ByoBlu chiuso, il messaggio di Messora

Byoblu chiuso, già. Il testo è consultabile integralmente qui. Uno dei passaggi fondamentali:

I fatti: a dicembre hanno oscurato le riprese di una manifestazione di piazza, a Cesena, che non erano state neanche pubblicate! Erano state caricate per valutazione interna e il titolo era “NON PUBBLICARE”. A gennaio hanno rimosso un’edizione del TG di Byoblu24 dove spiegavamo cos’aveva detto un editorialista di punta del British Medical Journal. In seguito hanno rimosso un’intervista realizzata cinque mesi prima a un Senior Scientist dell’Università di Siena, solo perché parlava della Vitamina C. Poi hanno rimosso un altro spezzone di una manifestazione di piazza, questa volta a Milano, anche questa non destinata alla pubblicazione e non pubblicata. Immediatamente dopo ci hanno demonetizzato il canale e hanno rimosso quasi 5 mila abbonati legittimamente conquistati. Oggi, infine, non trovando di meglio cui attaccarsi, hanno rimosso un video dello scorso settembre 2020, realizzato nel corso di un’altra manifestazione di piazza, in cui parlava l’attivista panafricano Mohamed Konare. Era lì da quasi sette mesi, coperto dal suo bravo diritto di cronaca: a chi poteva dare fastidio? Ha senso chiudere un canale sette mesi dopo, o non si tratta piuttosto di una persecuzione feroce verso una testata regolarmente registrata in tribunale rea di non seguire la linea editoriale dettata da altri?

L’appello

ByoBlu chiuso, quindi. Messora tenta, entro il 10 aprile, di reperire i fondi per aprire un canale sul digitale terrestre. La raccolta punta a raggiungere il difficilissimo obiettivo di 150mila euro.

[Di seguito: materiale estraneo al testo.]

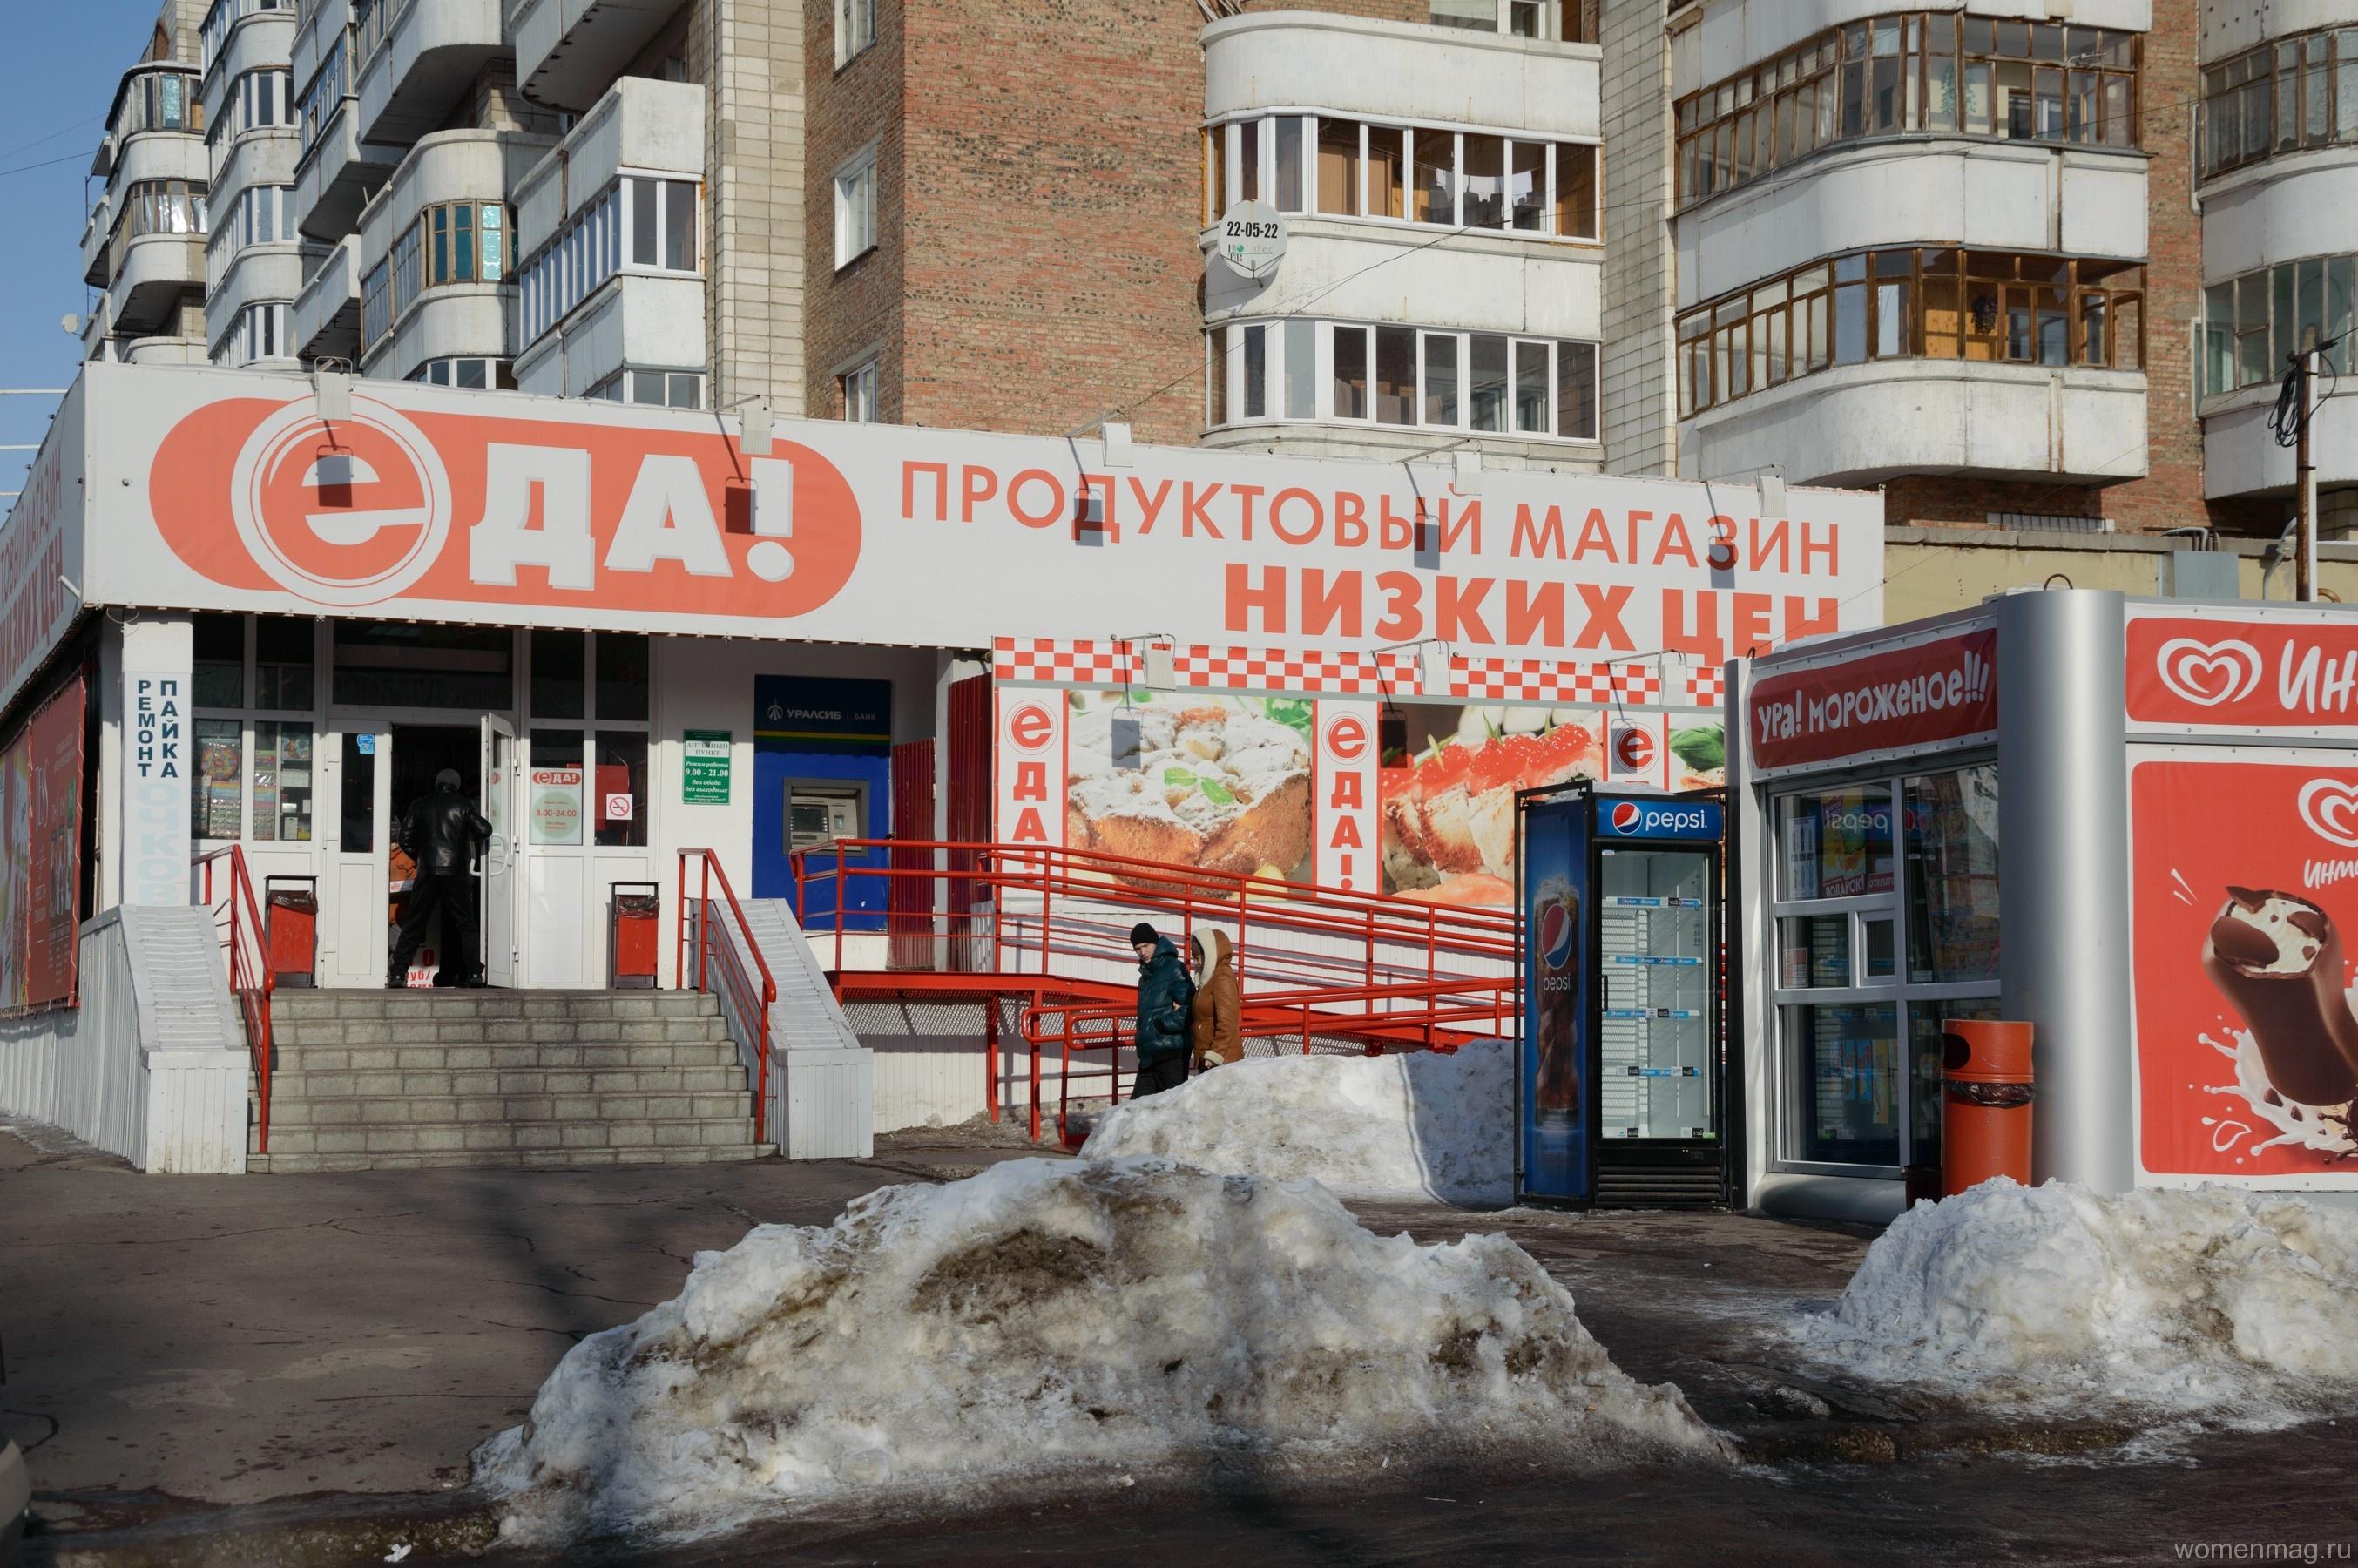 Продуктовый магазин низких цен «Еда» в Омске

Se riusciremo a raggiungere la cifra necessaria entro il 10 aprile, compreremo il canale unico nazionale ed entro i 15 giorni successivi inizieremo a trasmettere in tutte le case. Diversamente valuteremo il da farsi, tutti insieme, come una grande famiglia. La famiglia dei cittadini ancora liberi, che liberi vogliono restare.

ByoBlu può piacere o meno, alcuni contenuti possono risultare discutibili. Ma è lapalissiano sia la più grande fonte di controinformazione – spessissimo corretta – che si sia sviluppata negli ultimi dieci anni. Gioire di quanto accaduto è, di conseguenza, impossibile.

Come è impossibile non dare il nostro supporto all’iniziativa. Dall’attacco potrebbe nascere una clamorosa opportunità.